The ACLU and the Sun separately requested videos of street interactions with pedestrians and motorists, and of searches of occupied homes within the area that was cordoned off. The videos released last week captured only street interactions.
Residents are stopped on the street and asked questions. They are required to show identification to get to their homes. Sometimes they are prevented from getting home, ask when the lockdown will be lifted and are given vague answers. The officers watch residents performing mundane tasks, such as taking their dogs outside to relieve themselves.
Most of the residents are cordial [OBEDIENT] with the officers. Several express condolences for Suiter’s death.

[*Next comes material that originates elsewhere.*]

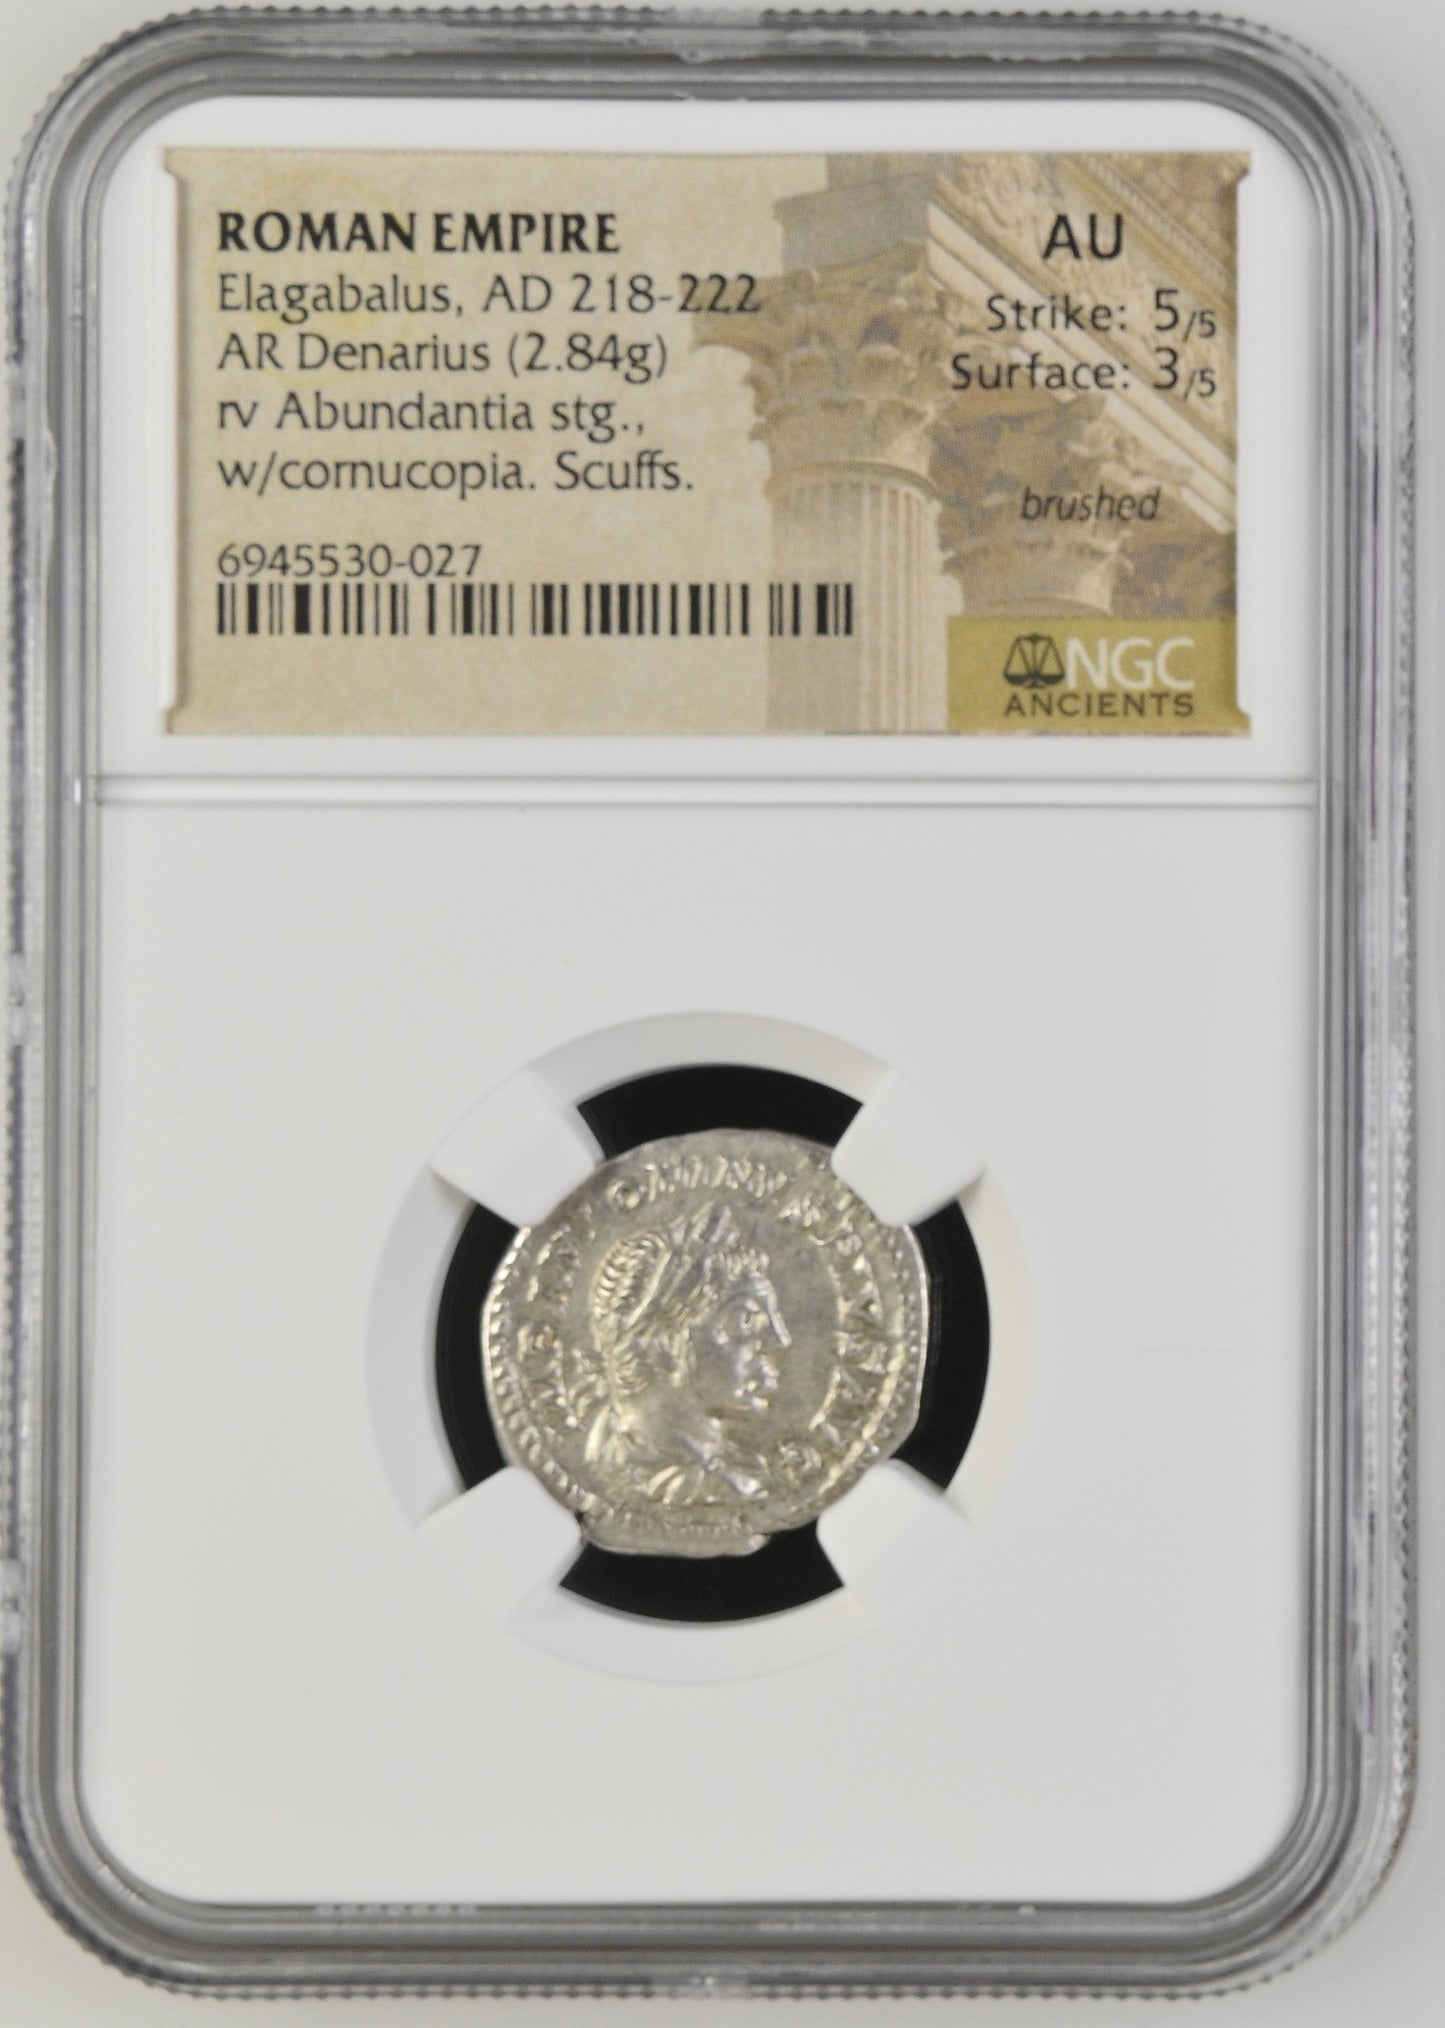 Roman Empire - Elagabalus - Silver Denarius - NGC AU - RIC:56

“We understand y’all got a job to do,” the 66-year-old man says in another recorded interaction. “Y’all trying to get as much information so you can get this thing settled.”
Other residents express frustration with the police.
A woman walks through the neighborhood the night after Suiter was shot. An officer asks for her name and address. She responds with questions of her own.
“Everybody who’s trying to get home, you did this to?” she asks.
The officer says everyone who walks through the area is being stopped.
“I’m just trying to do my job. I’m not trying to be … ” the officer begins.
“And I’m just trying to get to my house,” the woman says. “My house, where I live at.”